Re: Mount problems



_firstname_@lr_dot_los-gatos_dot_ca_dot_us wrote:
In article <GUTui.47278$rX4.23852@pd7urf2no>,
agnelo <agnelo.delacrotche@xxxxxxxxx> wrote:
Allthough Windows can preserve cases sometimes, FAT filesystems are case insensitive.

That's an oversimplification. Windows correctly stores and retrieves
case on file names, even on FAT. On some file systems, it can do so
directly in the directory; on others, it needs tricks such as the ones
that are used on FAT.

The only part where Windows is case-insensitive is when looking up
files by name: looking for "bill" will match files with names such as
"bill", "Bill", "BILL", and "bIlL".

As a corollary, Windows in most cases prohibits creating a file if the
new filename is only distinguished by case from an existing file. But
then, Windows also disallows many other types of file names, for
example "NUL" and "lpt1", in addition to any file name that contains
shell metacharacters such as ">". Don't expect file creation to be as
liberal as on Unix (where any byte is valid in a file name, except "/"
and NUL).

Face it: Different operating systems have different rules for what
constitutes a valid file name, and when file names match.

It wouldn't make sense to display the filenames as they appear in Windows, because they are not real.

Incorrect. They are absolutely real. Windows stores "bIlL" in the
directory (or in an appendix to the directory which is functionally
equivalent to the directory, because without studying the on-disk
format you can't distinguish it from the directory). It chooses to
display that file name occasionally as "BILL" in some tools, and it
chooses to allow a search for a file named "BiLl" to match "bIlL".

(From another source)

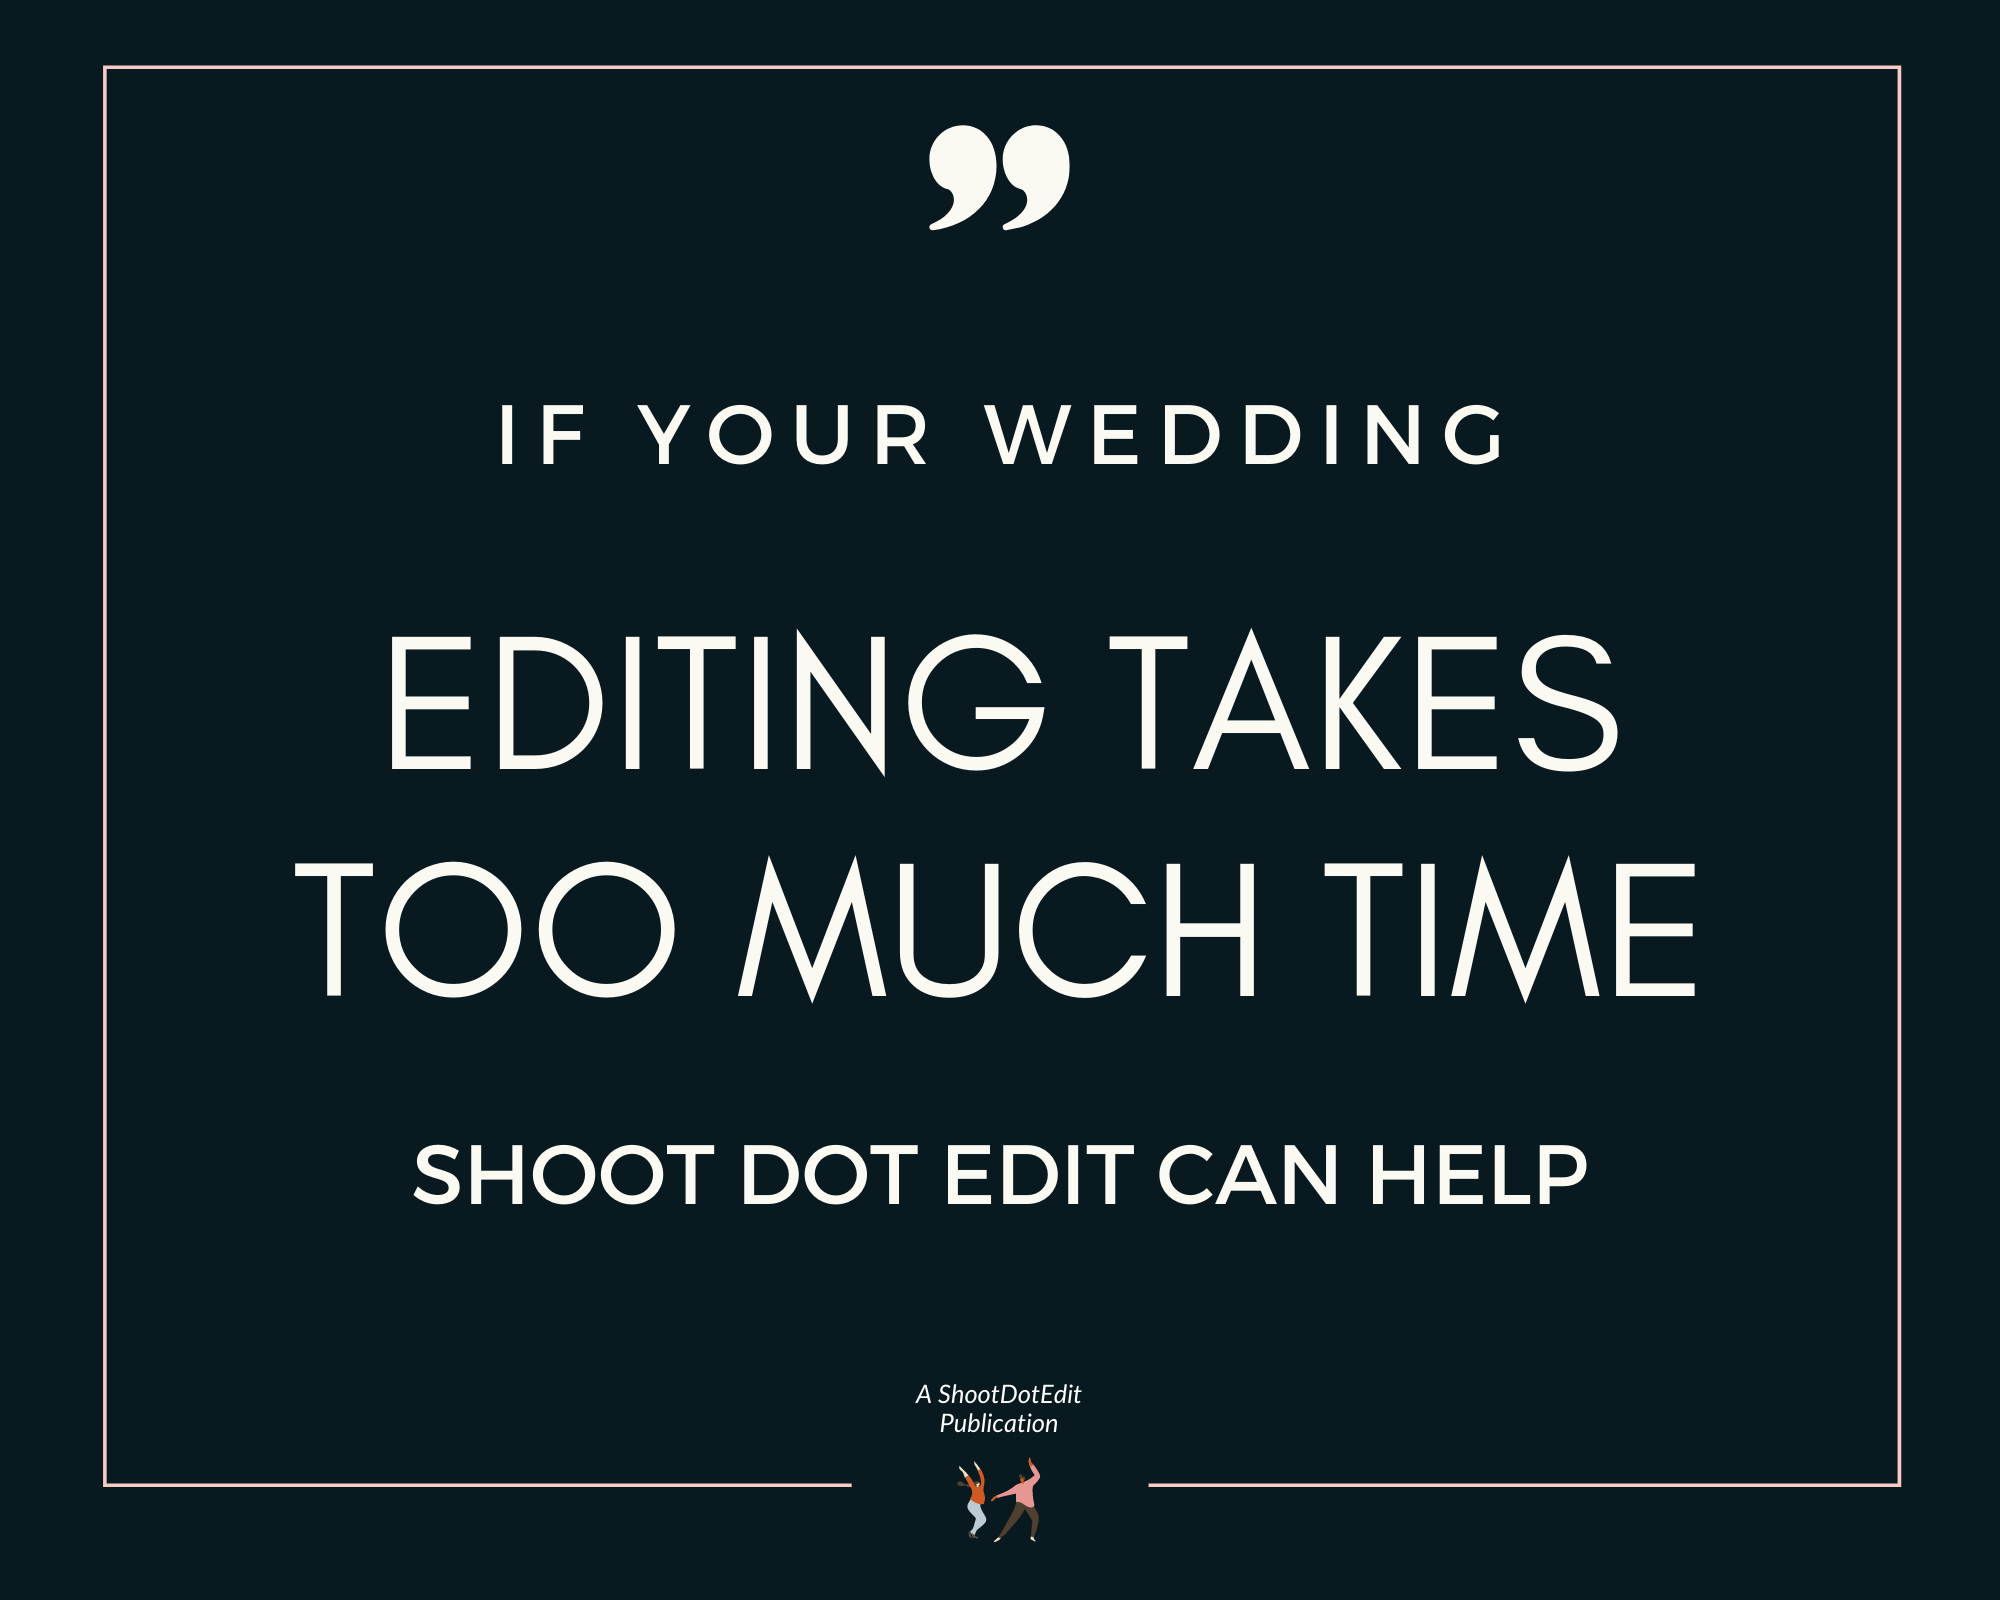 Infographic stating if your wedding editing takes too much time ShootDotEdit can help

An attempt to write two files with the same name and different cases would more likely end up in a filesystem error under Windows.

True, but it does not mean that the mixed-case names are unreal.
Windows will also give many other errors, as explained above.

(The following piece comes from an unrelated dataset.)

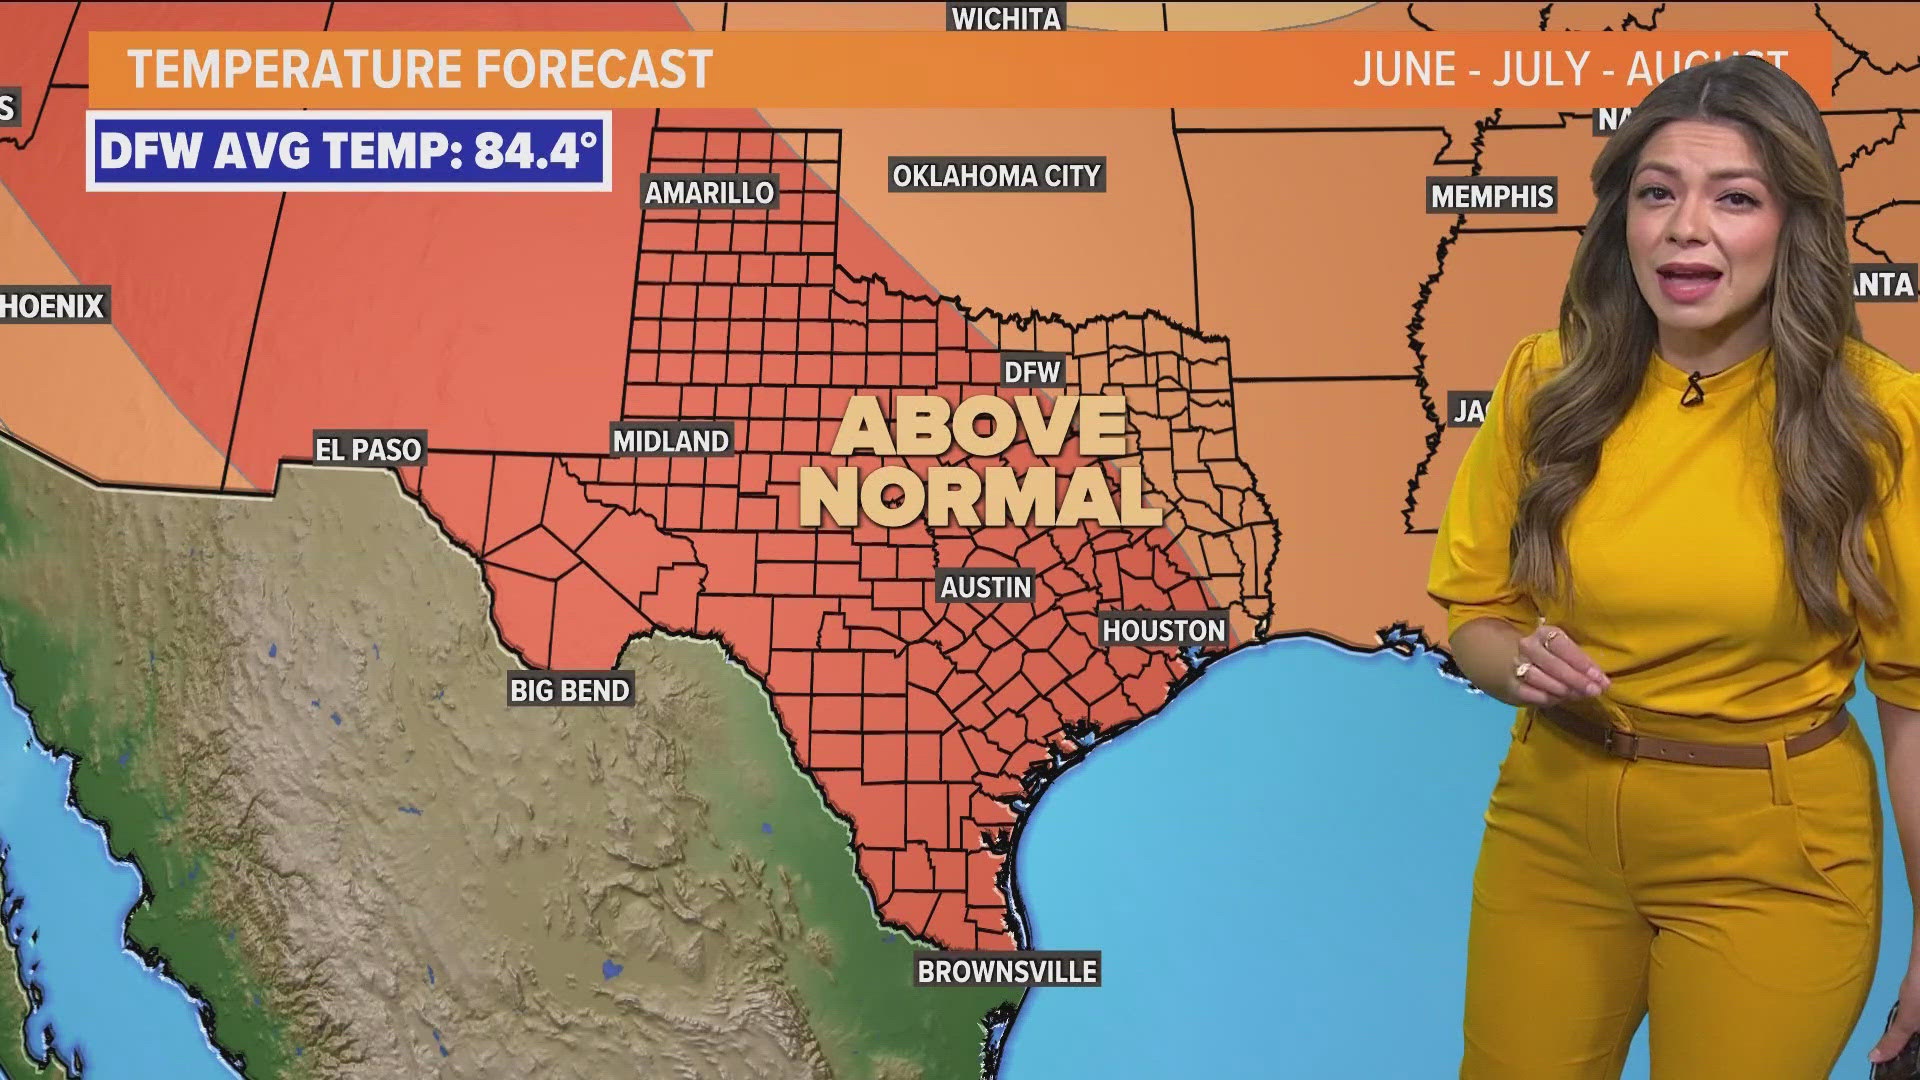 Warmer and drier conditions are expected with El Nino in North Texas this summer.

OK. It was indeed an oversimplification. So correct me if I'm wrong, because I haven't touched Windows for years ( and I'm perfectly happy with that situation :-) )

The long file names (LFN) are "real" and are written in the FAT on top of the directory. But what matters is still the 8.3 names. Maybe because FAT32 is juste a FAT16 with long file names 'capabilities' and bigger cluster size. If you delete the LFN entry on a low level with a disk editor, you haven't in fact deleted the file ( i.e you haven't removed the first letter of the 8.3 file name, which on FAT would declare the file as 'deleted'). If, on the contrary, you delete the short name entry, the file is gone (marked as deleted) and you end up with an orphan LFN, which would be considered as a file system error.

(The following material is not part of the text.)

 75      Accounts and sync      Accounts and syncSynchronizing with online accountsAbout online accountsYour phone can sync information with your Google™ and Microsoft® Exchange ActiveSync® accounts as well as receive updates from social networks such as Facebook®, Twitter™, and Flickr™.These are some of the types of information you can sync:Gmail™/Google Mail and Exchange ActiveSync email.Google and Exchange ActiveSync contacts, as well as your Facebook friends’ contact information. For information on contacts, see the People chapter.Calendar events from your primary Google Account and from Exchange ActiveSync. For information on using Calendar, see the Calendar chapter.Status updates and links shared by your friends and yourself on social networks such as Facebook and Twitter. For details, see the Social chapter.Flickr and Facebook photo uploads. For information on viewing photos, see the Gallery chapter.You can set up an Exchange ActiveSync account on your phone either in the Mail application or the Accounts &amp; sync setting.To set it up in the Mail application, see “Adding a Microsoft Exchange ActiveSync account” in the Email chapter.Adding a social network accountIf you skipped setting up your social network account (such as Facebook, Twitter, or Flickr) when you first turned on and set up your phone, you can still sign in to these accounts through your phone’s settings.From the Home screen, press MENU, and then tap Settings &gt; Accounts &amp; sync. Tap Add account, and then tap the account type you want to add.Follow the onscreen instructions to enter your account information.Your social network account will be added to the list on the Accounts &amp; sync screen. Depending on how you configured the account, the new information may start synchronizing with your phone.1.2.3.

So calling the long file names 'not real' or 'faked' was an oversimplification. But is it not FAT32 which overcomplicates things ? As you mentionned above you cannot have bIll and Bill. And, because of this limitation, I find it reasonnable to display filenames on FAT partitions either all in uppercase or alle in lowercase, rather than as they would appear in Windows, precisely because you cannot rename bIll in Bill or create BiLl in the same directory.


So why should OpenBSD display faked filenames ?

OpenBSD should do what is convenient and useful to its users. In my
opinion, if a file name shows up as "bIlL" when running Windows,
OpenBSD should do the best it can to match that file name. That also
implies that the FAT (and NTFS) file system code on OpenBSD should
disallow creating a file named "BiLl" if "bIlL" is already present,
because allowing it would likely cause problems for the user later on,
when accessing the same file system from Windows.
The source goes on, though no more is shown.